Collected data:
◆ ◆ ◆

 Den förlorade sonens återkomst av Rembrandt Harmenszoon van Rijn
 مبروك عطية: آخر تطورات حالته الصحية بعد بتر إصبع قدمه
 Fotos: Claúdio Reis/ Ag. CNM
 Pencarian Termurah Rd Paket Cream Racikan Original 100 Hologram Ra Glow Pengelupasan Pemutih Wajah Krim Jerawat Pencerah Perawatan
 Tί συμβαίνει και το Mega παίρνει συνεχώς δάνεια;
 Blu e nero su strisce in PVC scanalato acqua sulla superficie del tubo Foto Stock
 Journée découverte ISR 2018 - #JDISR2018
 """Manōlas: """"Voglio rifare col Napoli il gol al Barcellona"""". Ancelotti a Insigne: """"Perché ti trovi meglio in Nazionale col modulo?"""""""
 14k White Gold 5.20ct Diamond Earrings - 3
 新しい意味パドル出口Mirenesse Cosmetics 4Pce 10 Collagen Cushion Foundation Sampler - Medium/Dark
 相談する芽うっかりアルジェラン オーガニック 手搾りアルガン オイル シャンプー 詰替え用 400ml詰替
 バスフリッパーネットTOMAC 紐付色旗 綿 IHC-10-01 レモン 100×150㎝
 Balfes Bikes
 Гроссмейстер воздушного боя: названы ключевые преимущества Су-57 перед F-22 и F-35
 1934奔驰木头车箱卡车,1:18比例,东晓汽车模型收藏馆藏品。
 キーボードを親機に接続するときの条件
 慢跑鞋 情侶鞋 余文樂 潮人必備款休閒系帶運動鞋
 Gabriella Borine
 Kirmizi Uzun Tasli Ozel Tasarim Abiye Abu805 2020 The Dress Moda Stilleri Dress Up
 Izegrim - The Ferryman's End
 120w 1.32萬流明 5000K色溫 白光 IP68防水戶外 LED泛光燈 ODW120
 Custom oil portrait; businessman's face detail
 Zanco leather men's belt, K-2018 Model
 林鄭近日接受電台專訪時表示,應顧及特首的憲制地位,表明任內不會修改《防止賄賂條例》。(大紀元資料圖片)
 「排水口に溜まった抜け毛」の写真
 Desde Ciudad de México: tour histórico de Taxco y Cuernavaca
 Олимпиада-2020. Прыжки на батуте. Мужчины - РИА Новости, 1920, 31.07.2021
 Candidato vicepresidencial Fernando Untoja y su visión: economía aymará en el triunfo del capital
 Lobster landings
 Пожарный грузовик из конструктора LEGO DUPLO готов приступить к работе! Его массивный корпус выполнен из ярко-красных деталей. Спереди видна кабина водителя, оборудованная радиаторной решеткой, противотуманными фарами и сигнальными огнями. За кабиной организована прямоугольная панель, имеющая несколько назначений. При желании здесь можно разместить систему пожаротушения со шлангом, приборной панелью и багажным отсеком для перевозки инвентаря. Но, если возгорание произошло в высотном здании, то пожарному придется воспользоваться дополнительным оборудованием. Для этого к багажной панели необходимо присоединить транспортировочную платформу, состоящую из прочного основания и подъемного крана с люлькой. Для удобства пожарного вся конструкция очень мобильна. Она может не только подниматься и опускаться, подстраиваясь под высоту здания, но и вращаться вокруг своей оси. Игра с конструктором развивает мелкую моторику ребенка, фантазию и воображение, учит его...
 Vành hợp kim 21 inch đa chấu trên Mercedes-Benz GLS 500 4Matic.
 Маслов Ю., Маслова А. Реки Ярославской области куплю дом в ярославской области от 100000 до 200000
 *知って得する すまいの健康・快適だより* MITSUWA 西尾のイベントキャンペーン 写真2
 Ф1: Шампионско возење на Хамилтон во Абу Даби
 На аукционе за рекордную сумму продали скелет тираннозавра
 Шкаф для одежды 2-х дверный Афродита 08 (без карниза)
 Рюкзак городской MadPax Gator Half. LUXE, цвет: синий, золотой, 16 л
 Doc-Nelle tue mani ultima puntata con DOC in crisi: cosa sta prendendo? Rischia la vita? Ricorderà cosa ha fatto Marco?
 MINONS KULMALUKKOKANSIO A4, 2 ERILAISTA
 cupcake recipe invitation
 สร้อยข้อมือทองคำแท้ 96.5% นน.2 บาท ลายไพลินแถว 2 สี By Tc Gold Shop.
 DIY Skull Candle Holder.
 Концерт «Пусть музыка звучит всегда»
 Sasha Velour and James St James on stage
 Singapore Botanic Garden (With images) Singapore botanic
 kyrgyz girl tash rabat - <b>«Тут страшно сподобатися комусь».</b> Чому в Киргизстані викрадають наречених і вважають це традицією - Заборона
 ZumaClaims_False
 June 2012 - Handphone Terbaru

◆ ◆ ◆

:: Aim of the exercise ::
Each line of the entries above that contains "Gold" must be copied into the answer.

:: Output ::
 14k White Gold 5.20ct Diamond Earrings - 3
 สร้อยข้อมือทองคำแท้ 96.5% นน.2 บาท ลายไพลินแถว 2 สี By Tc Gold Shop.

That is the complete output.